8. discuss disclosure requirements: is a statutory requirements which pertains to the legal


requirement of organisations to disclose any and information that may influence or
change the way that the financial information is interpreted or the value and security of
the organisation determined.
9. how is a cash flow statement organised: cash flows will need to be taken into
consideration when determining options for long term finance as it will be necessary to
project if the organisation will be in a position to make payments on the finance as
required.
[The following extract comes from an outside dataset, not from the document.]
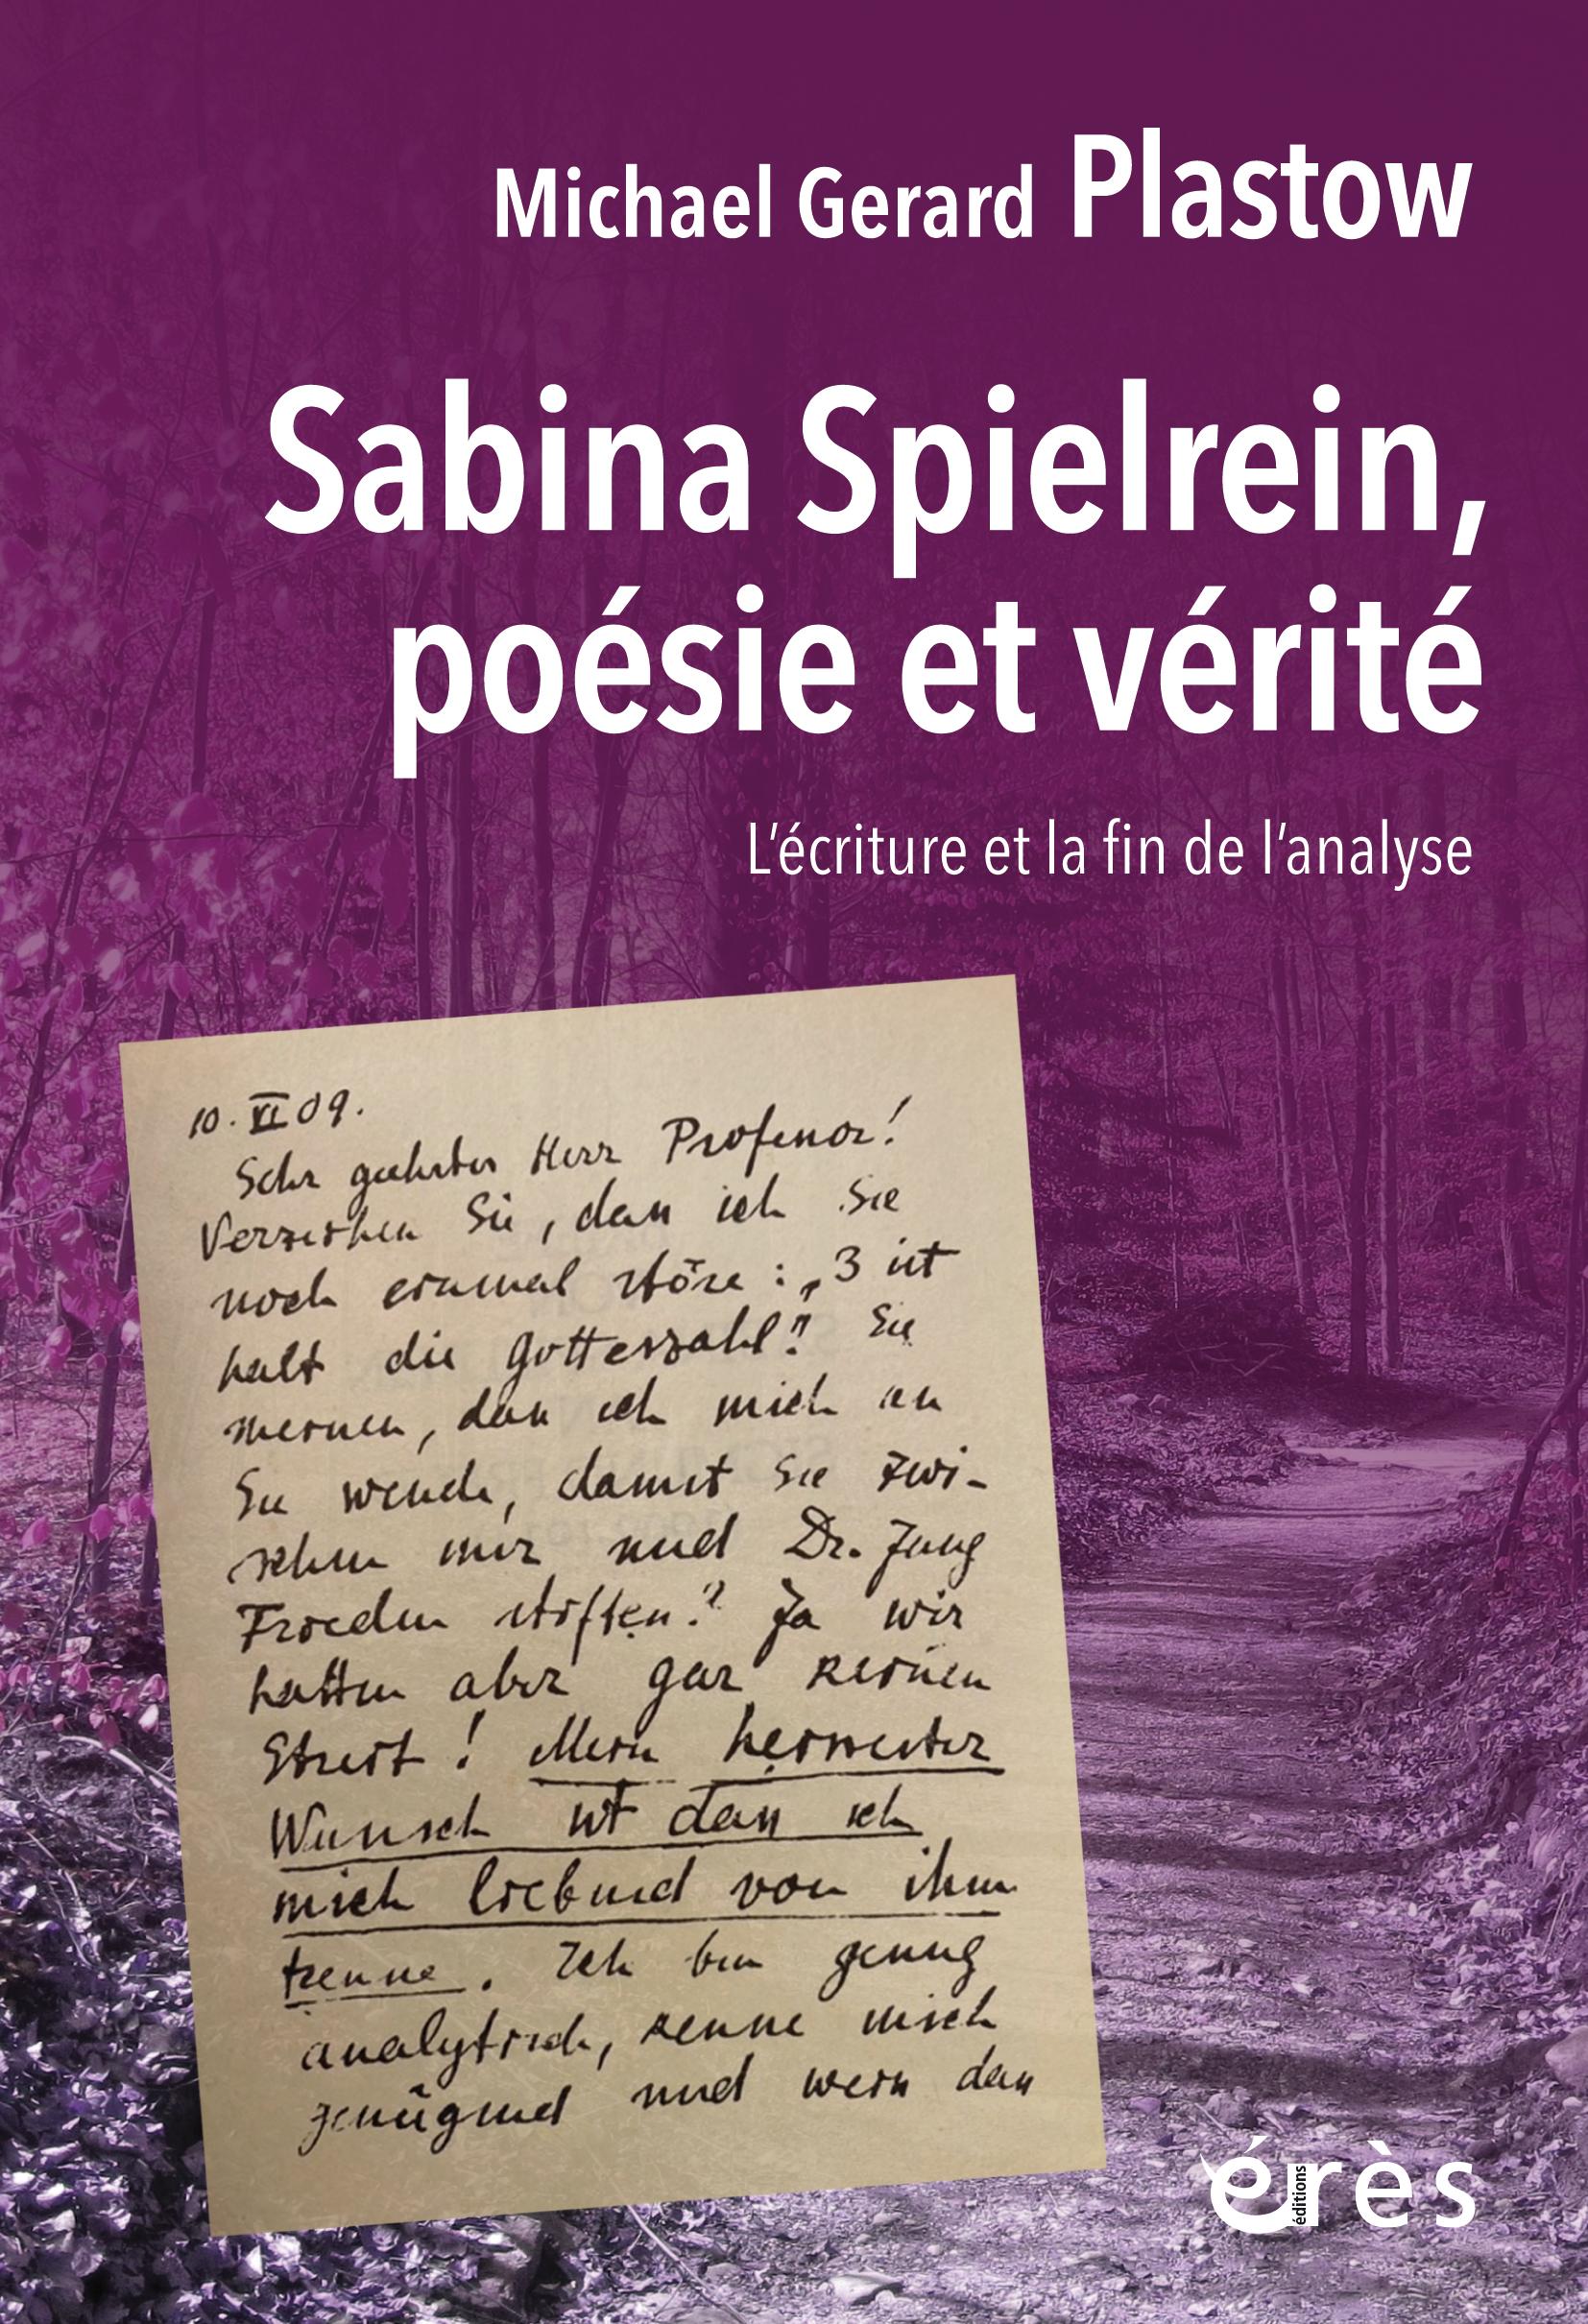 Sabina Spielrein, poésie et vérité. L'écriture et la fin de l'analyse

A cash flow statement is a very important financial document for all
businesses which will allow for effective planning and decision making within the
business.

10. what are significant issues in statements, and what might the include?: significant
issues are those that may cause a risk or performance issue to the organisation or its
shareholders. there are a range of significant issues that must be identified in order to
ensure that the organisations can report and manage these issues appropriately
1. company liquidation
2. company restructuring
3. cost structures
4. errors and anomalies
5. liquidity
6. losses and returns
7. profitability
8. statutory obligations.

11. what types of implications ma be caused by significant issues?
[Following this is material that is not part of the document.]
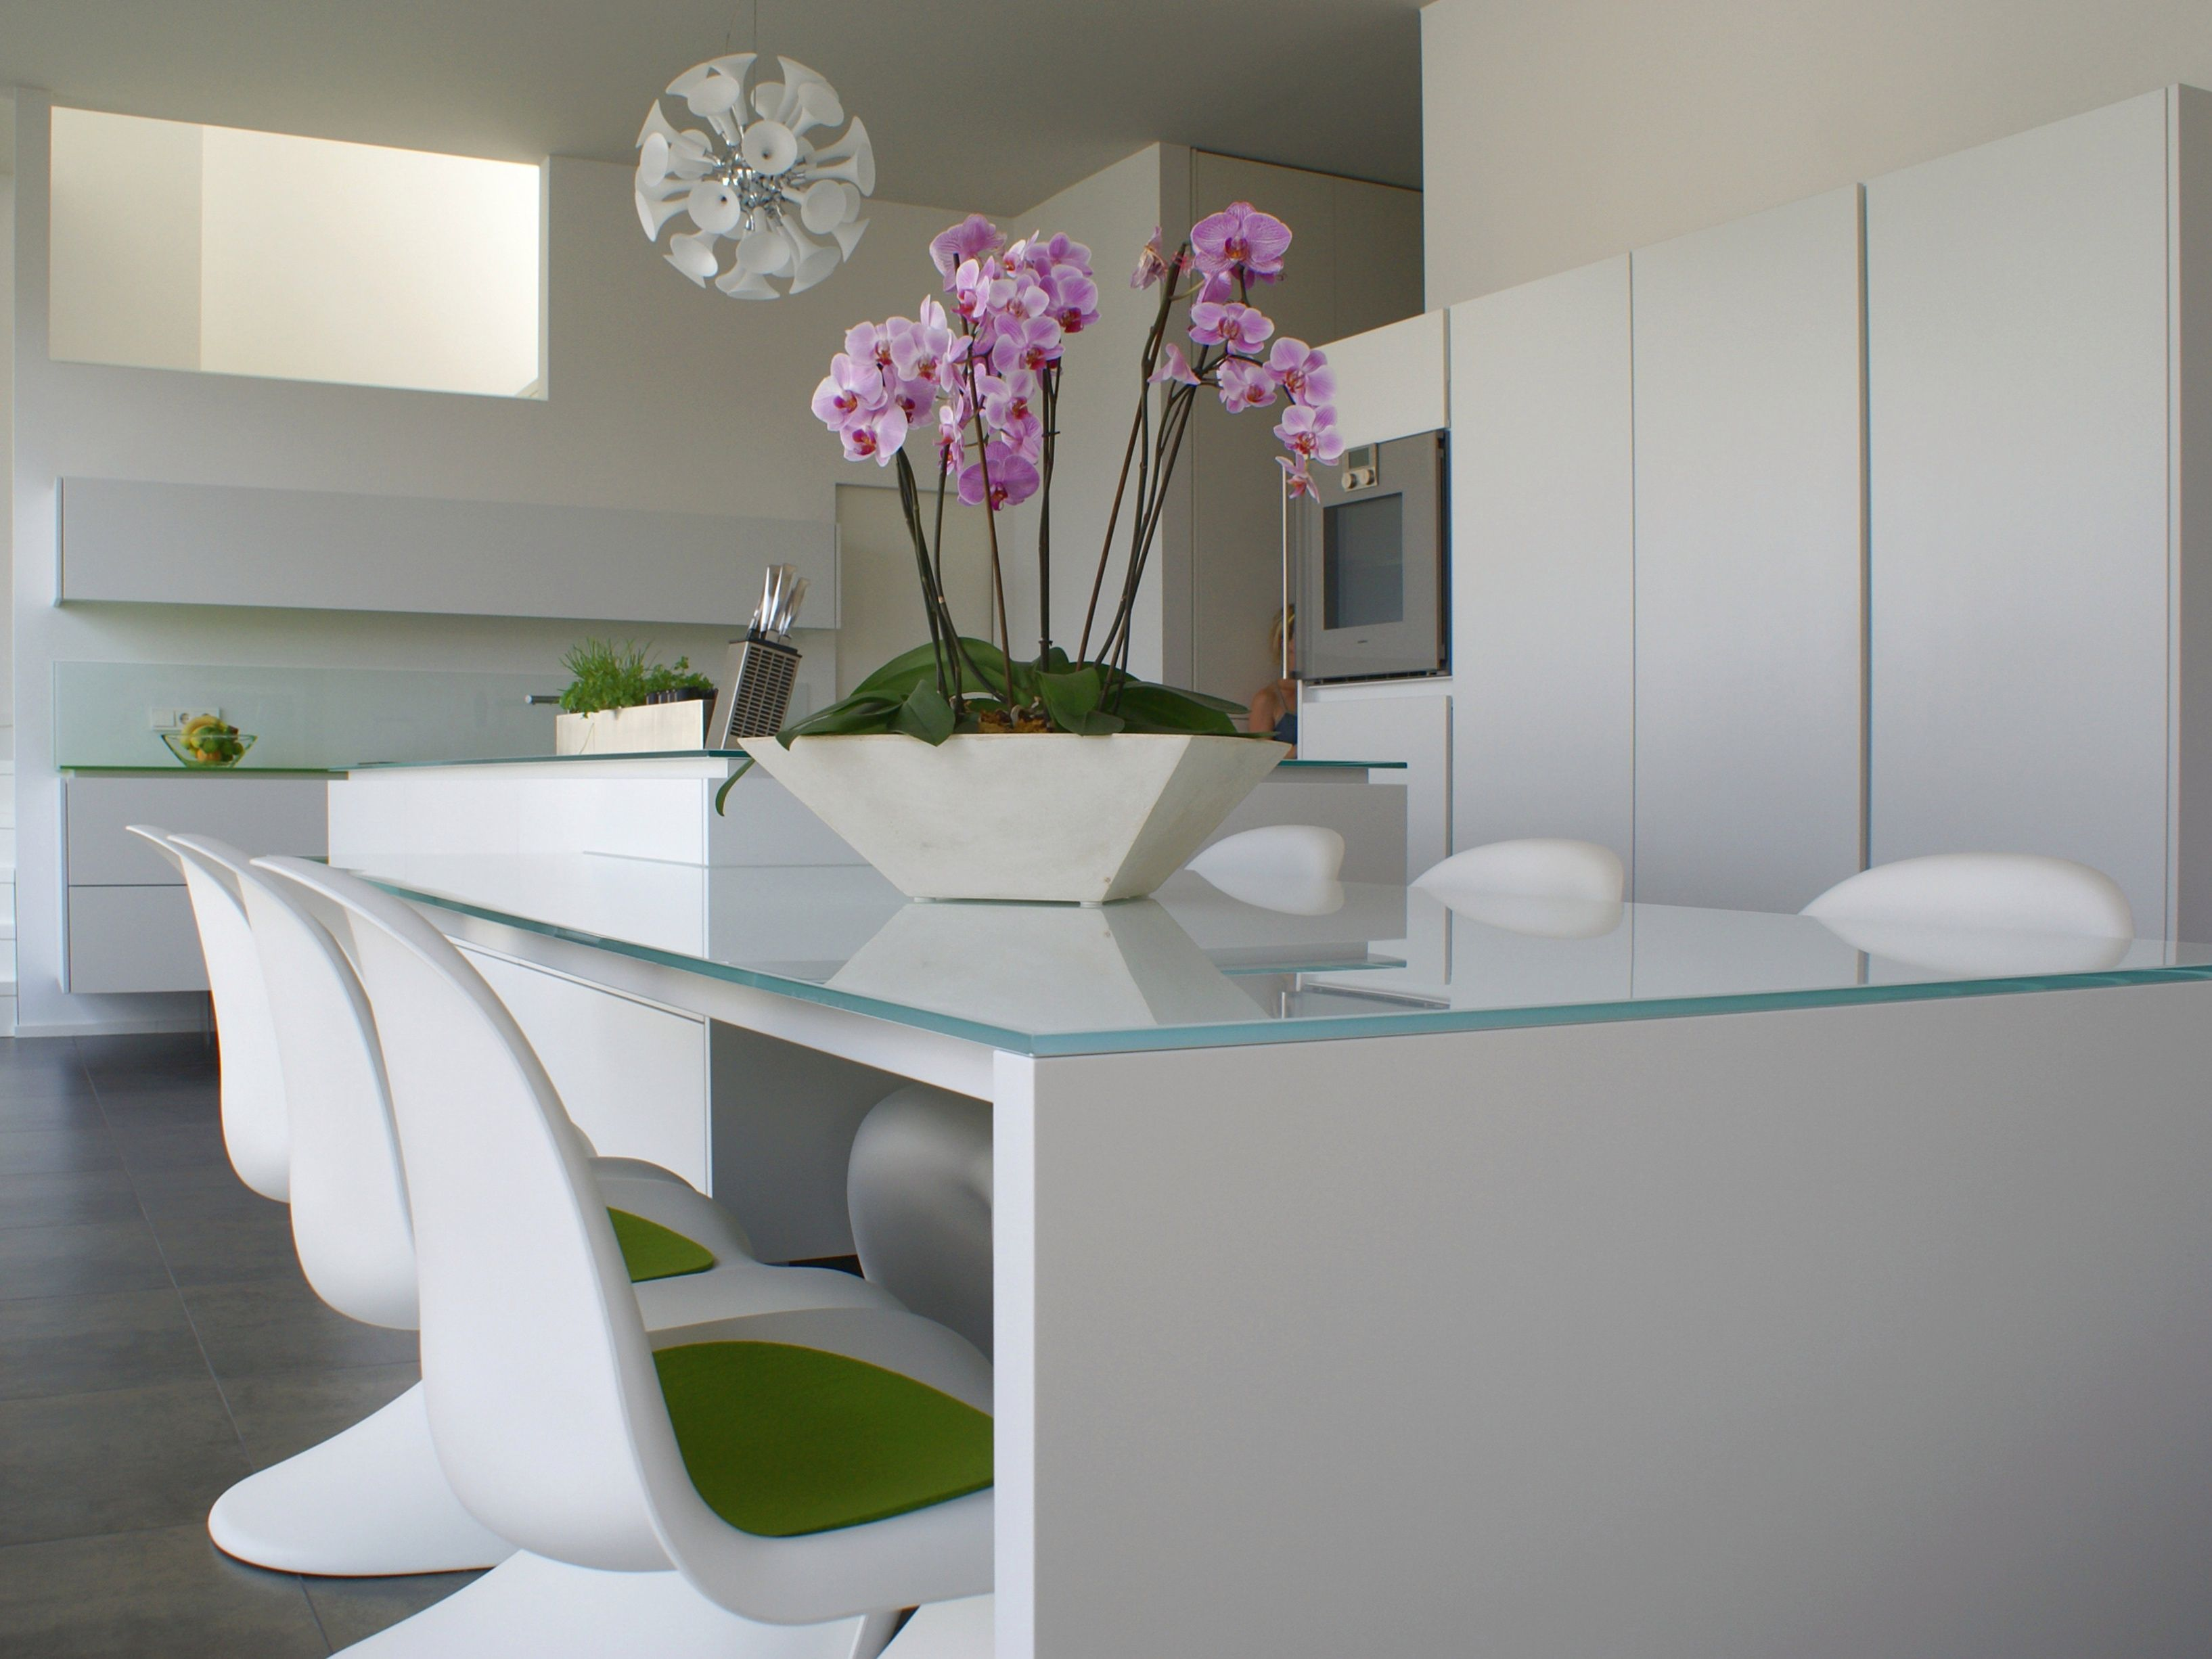 Wohnungsausbau, Einbauküche, Einbauschränke, weiß lackiert

1. disruption to cash flow
2. inability to purchase resources required for operations maintenance
3. production problems
4. damage to the organisation image
5. loss of employees
6. loss of customers
7. statutory non- compliance

12. define the following account terms:


1. accruals accounting: when using the accruals accounting system the revenue or
income that is received by the organisation will be recorded as they are earn rather
than at the actual time that the cash was received.
2. consolidation: is the process of combing the financial data from multiple entities that
all fall under the one parent company for financial reporting and general financial
management requirements
3. conversion: conversion is the process of converting any foreign currencies into
Australian dollars in order for consolidating for financial reporting and general
financial management requirements.
4. depreciation: is determined based on the taxable life of the asset, it will be
necessary to ensure that the life of the asset is determined using australian taxation
standards an that the amount of depreciation is in line with the value of the asset an
the original cost price of that asset. depreciation must be calculated according to
AABS standards and taxation requirements.
5. equity method: is an accounting treatment in which the initial investment made by
the parent company into the joint venture will be recorded at the cost of that actual
investment. this will then be adjusted to demonstrate the actual performance of the
venture.

initial investment +/- organisations share of profit oarless - distribution


received = reportable investment in the join venture
6. financial systems controls: refers to the control and compliance measures that are
places on the financial systems internally that ensure the reliability and integrity of
the financial systems within an organisations.

7. financial year reports: these are comprehensive reports that demonstrate a range of
factors about the organisations financial position, performance and management
over the last year.

8. joint venture: is a contractual business agreement where two or more parties are
both involved financially in a combined project or business
9. subsidiary entities: a partially owned subsidiary is an entity that has other owners
but is also partially owned by the parent organisation in order to be classified as a
subsidiary entity, the parent organisation will need to own the controlling amount of
voting stock within the subsidiary entity, subsidiary entities may have other owners
but 50% of the controlling stock will be owned by the parent company.